[GIVEN INFORMATION]
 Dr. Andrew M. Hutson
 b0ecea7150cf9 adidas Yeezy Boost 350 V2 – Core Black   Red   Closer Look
[/GIVEN INFORMATION]
[GIVEN INFORMATION]
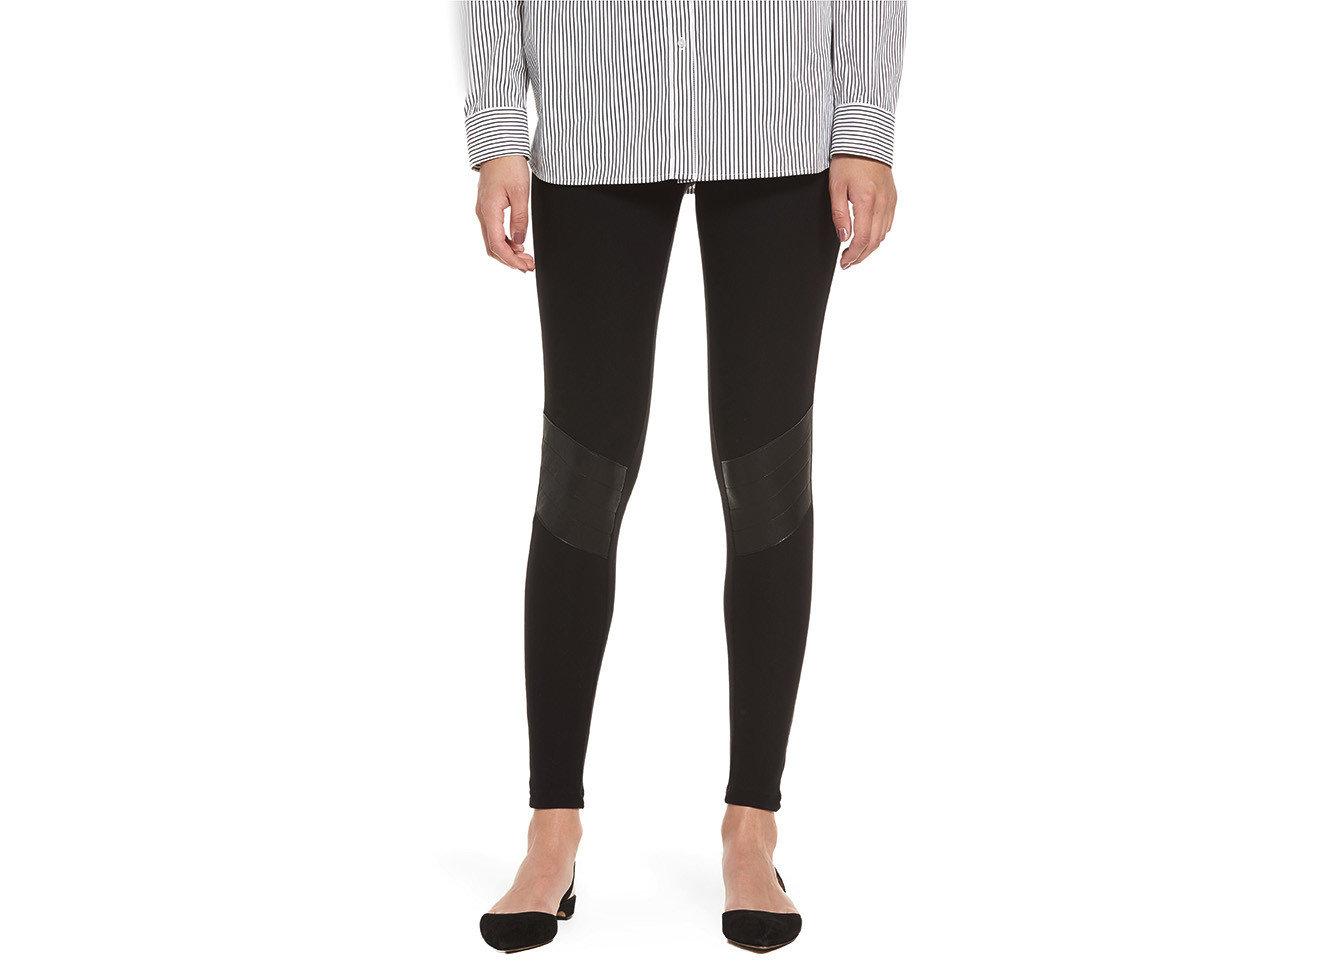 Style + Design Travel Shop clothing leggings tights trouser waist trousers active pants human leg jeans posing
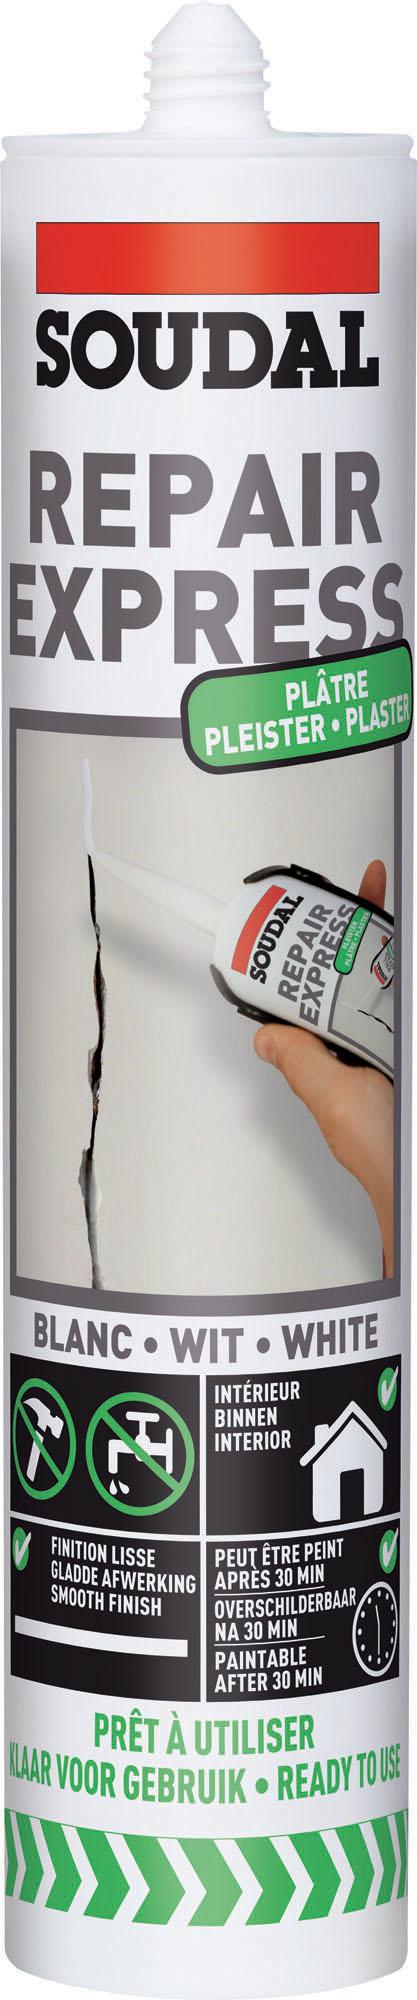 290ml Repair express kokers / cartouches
[/GIVEN INFORMATION]
» ASSIGNMENT: Only the lines from the one containing "Dr. Andrew M. Hutson" through the one containing "b0ecea7150cf9 adidas Yeezy" are to be retyped, both boundary lines included, with no other material.

» RESPONSE AREA:
 Dr. Andrew M. Hutson
 b0ecea7150cf9 adidas Yeezy Boost 350 V2 – Core Black   Red   Closer Look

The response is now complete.